Trumka reiterated that his union federation did not endorse Trump but worked in support of Democrat Hillary Clinton. The AFL-CIO chief said he would still back the administration on proposals that it supports, but Trumka said he opposed some of the White House’s early moves to roll back or revise overtime rules for workers, health and safety regulations, coal-mining standards and an Obama-era rule aimed at lowering workers’ exposure to beryllium, among other matters.

Big business groups, on the other hand, such as the U.S. Chamber of Commerce, have widely cheered the administration’s moves to lessen regulatory burdens on businesses, arguing that too many rules restrict job creation and economic development.

“Federal regulations alone are estimated to cost the American economy as much as $1.9 trillion a year in direct costs, lost productivity, and higher prices,” the chamber said in a March report on regulations.

The Trump administration’s push for a tax overhaul, too, Trumka said, was unlikely to benefit middle- and working-class Americans.
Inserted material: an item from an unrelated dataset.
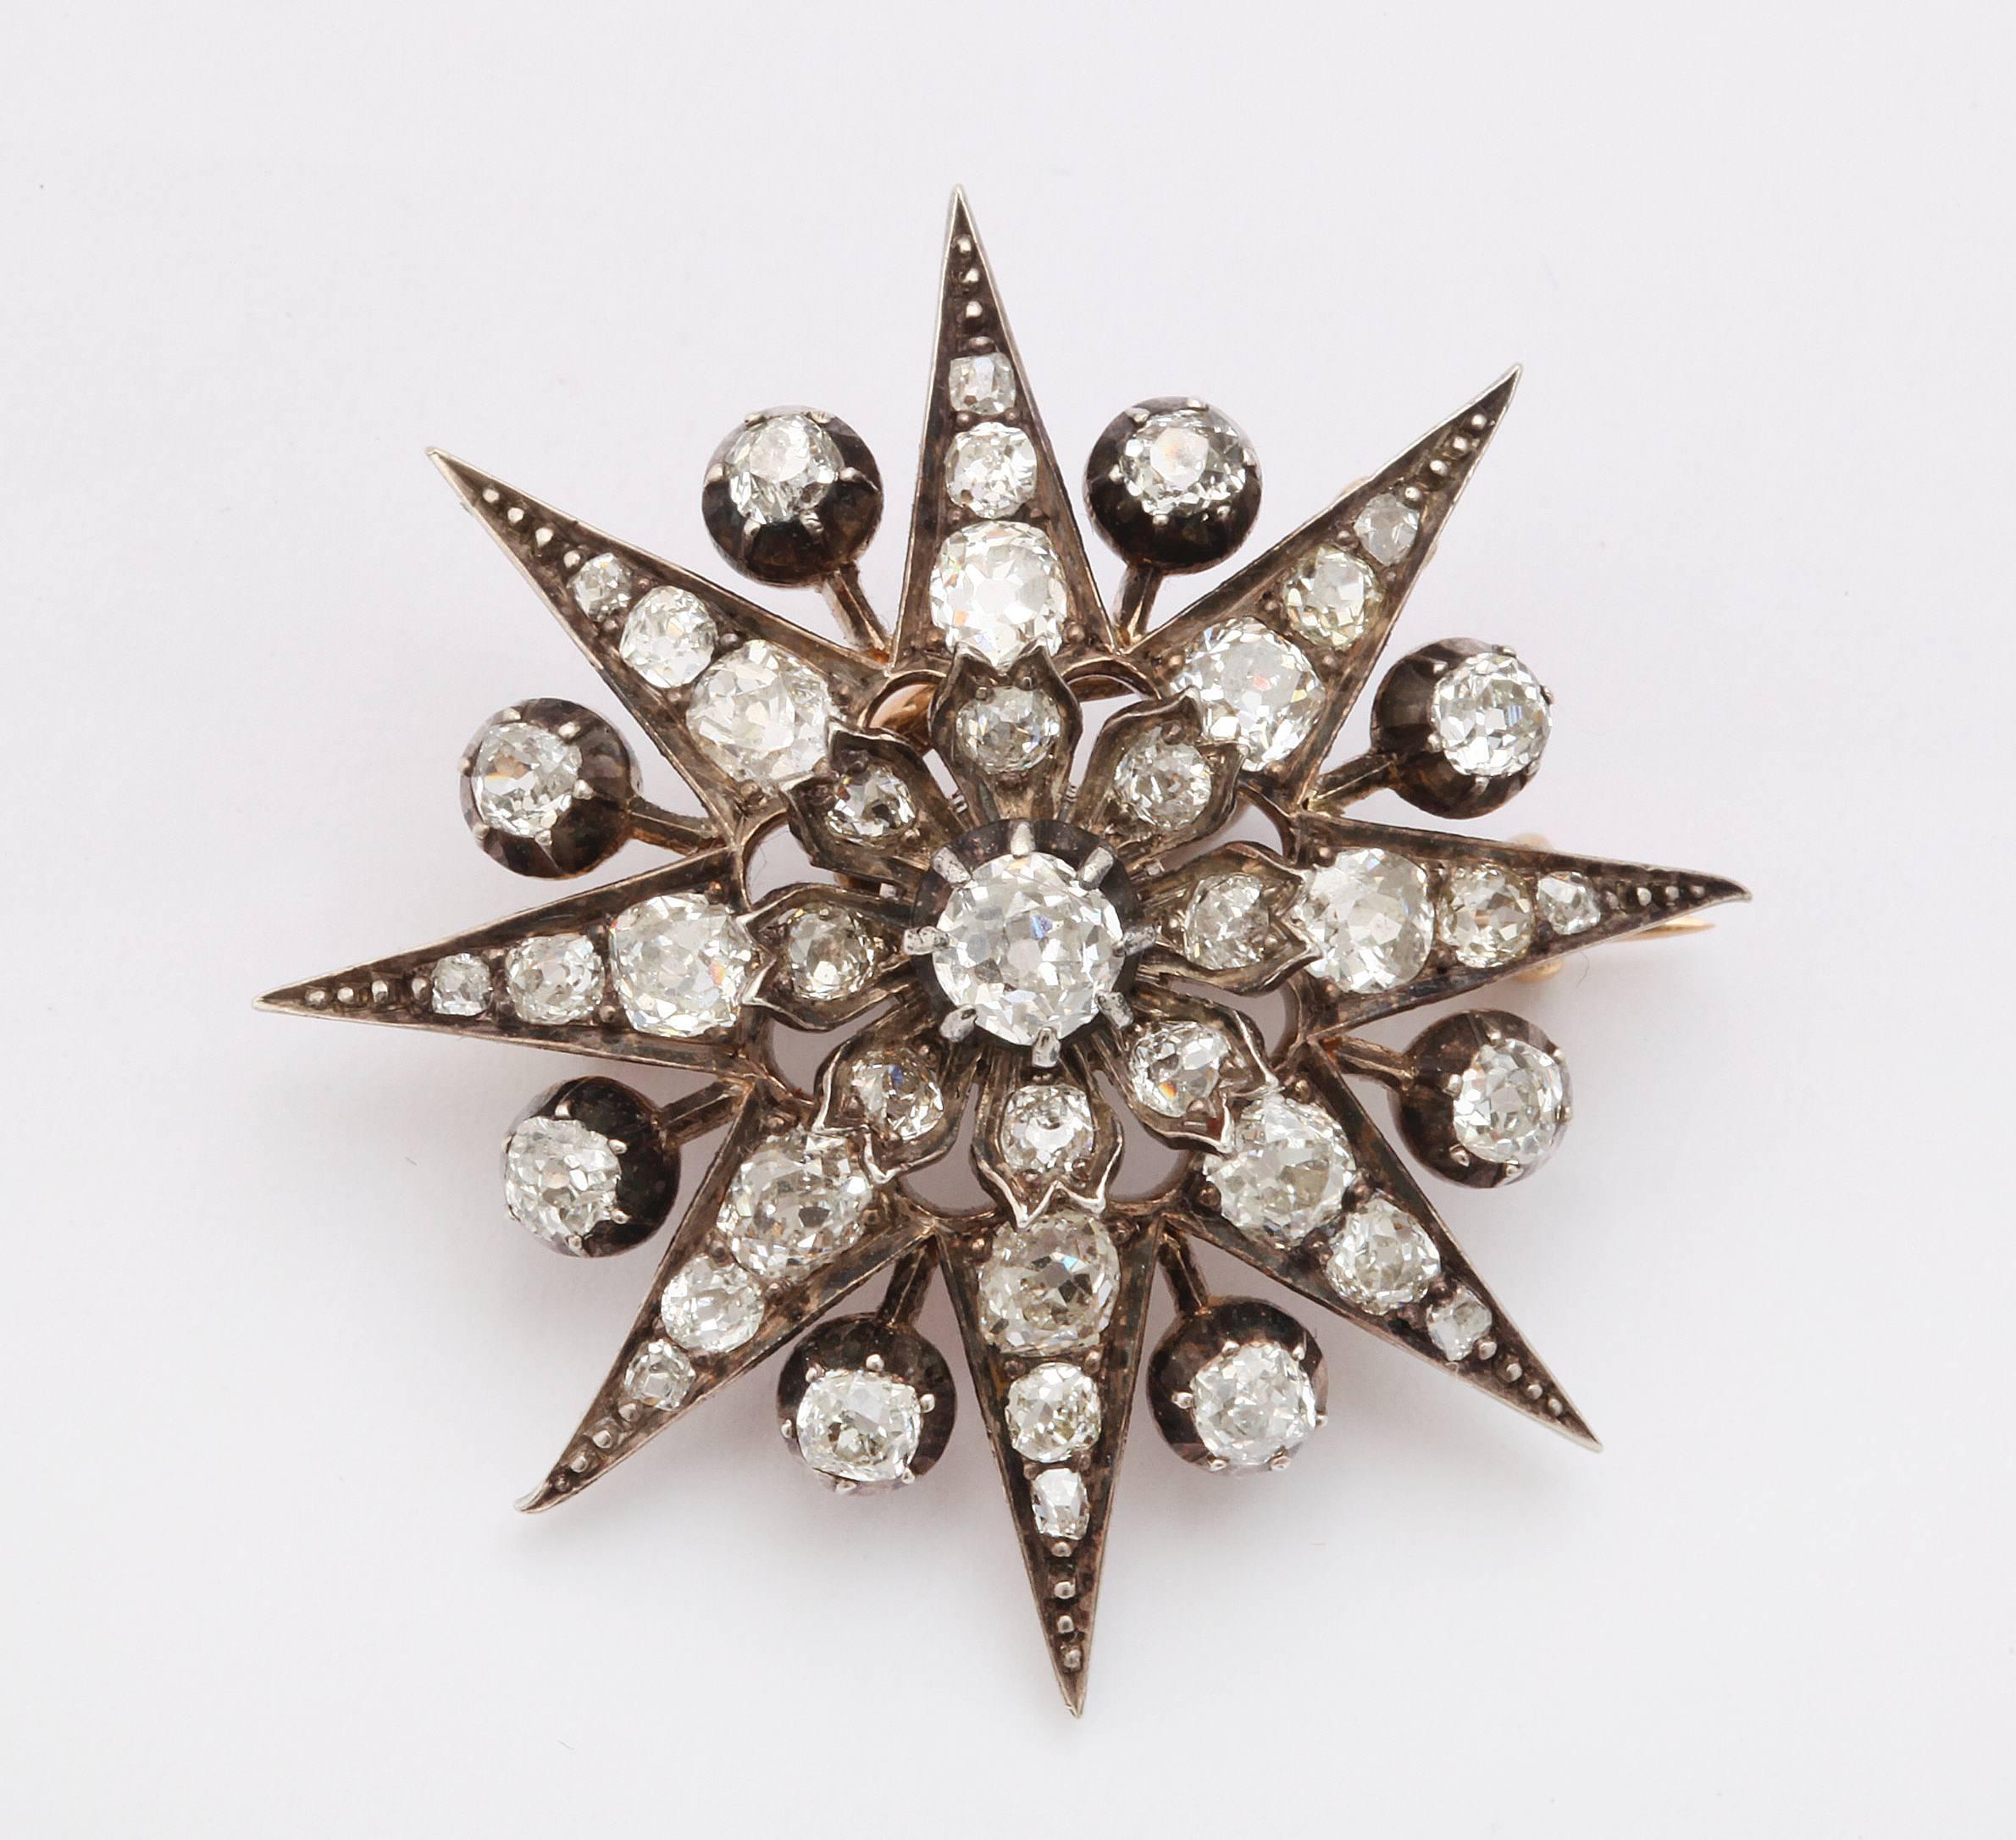 A  Victorian treasured star pendant, the face completely covered with conservatively 3.00 cts of antique old mine diamonds, is made in the clever Victorian convertible manner . The bale folds behind the star and the pin section unscrews so that the

Trump on Wednesday will make a public push for the tax overhaul in Missouri, where he is expected to stress his goal of lowering taxes to spark the economy and help the middle class. 

“You’re beginning to see a lot of people come back across the bridge,” Trumka said of union members becoming disillusioned with the Trump White House.

Trumka warned Democrats, especially House members who believe the party could win control of the chamber in the midterm elections, that they will need a serious economic policy agenda in order to make gains with skeptical voters. Democrats need to pick up two dozen House seats to gain majority control. 

“They want something to vote for and not just to vote against,” he said.